A frase título deste texto é retirada da introdução do historiador Jaime Pinsky  a obra de Roger-Pol Droit, Tolerância.  A obra é uma didática introdução ao tema, sobre a forma de diálogo que enumera as características da tolerância e Droit é filosofo, escritor e jornalista. Doutor em Filosofia pela Universidade de Paris IV – Sorbonne, foi professor e pesquisador do Centre National de la Recherche Scientifique, Conselheiro da Unesco, onde foi responsável pelo programa Filosofia e Democracia no Mundo.

Em Tolerância, Droit mostra o quando  temos vantagens em defender um mundo mais tolerante: a principal delas, é que será um mundo melhor para se viver. Vivemos um mundo onde já não se pode respirar, expor ideias e debate-las, um mundo que está ficando cada vez pior para se viver. Esse é o mundo irrespirável das redes sociais, onde a intolerância se manifesta na forma superficial de nossos comentários e na grosseria com aqueles que tem opinião diferente da nossa. Como aponta Buyng Chul-Han isso ocorre devido ao fato de que as distâncias que fundamentavam o respeito diminuíram: mas, como salienta Droit, não são os recursos tecnológicos que nos tornam intolerantes, somos nós mesmos que estamos nos tornando mais intolerantes.

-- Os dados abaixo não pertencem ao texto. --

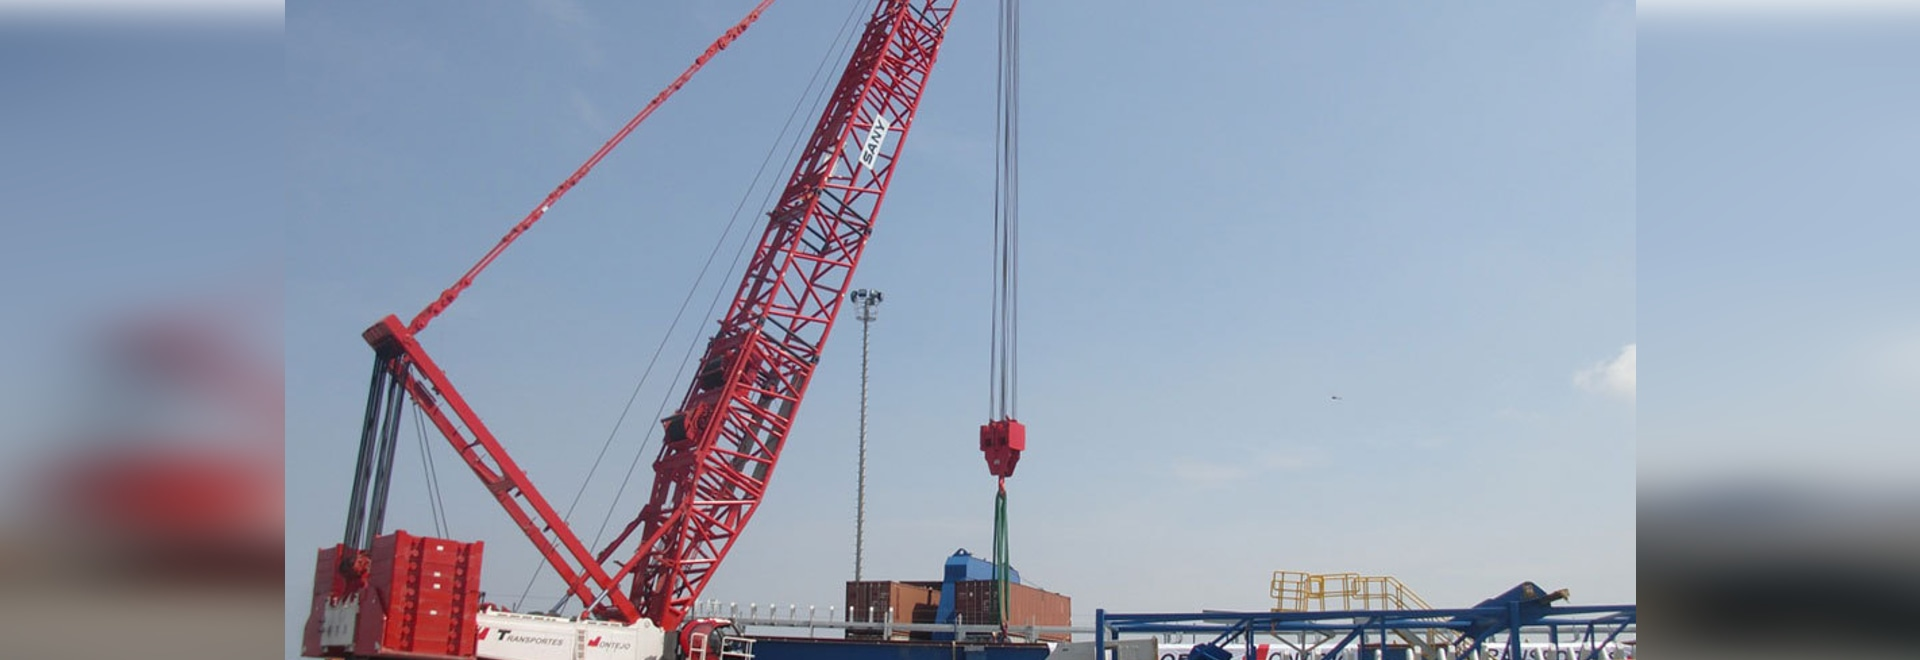 SANY SCC7500 crawler crane at the port of Mamonal, Cartagena

Porquê? Uma das causas é que, nos termos do sociólogo Michel Mafessoli, vivemos uma geração narcisista. Queremos sempre ser o melhor, o mais forte. Essa lógica do mercado aprofundada pelo simbólico é reforçada pela industria cultural por todo o lado: já reparou que todos os programas da televisão tem como motor a ideia de competição, de que alguém vence e que muitos perdem? Do BBB ao The Voice, não se respira na cultura se não a ideia de que é preciso ser o mais forte: a faculdade da tolerância é sentida como fraqueza, quando não é. Diz Droit que o intolerante é um fanático que acredita que o outro é inferior, que é um perdedor, o que significa, que assumir-se como intolerante agrada o ego porque é sempre uma afirmação de superioridade. A violência é subproduto da intolerância ”a intolerância não é, portanto, apenas mais uma forma de enxergar o mundo: ela é uma praga social”(Tolerância, p.10).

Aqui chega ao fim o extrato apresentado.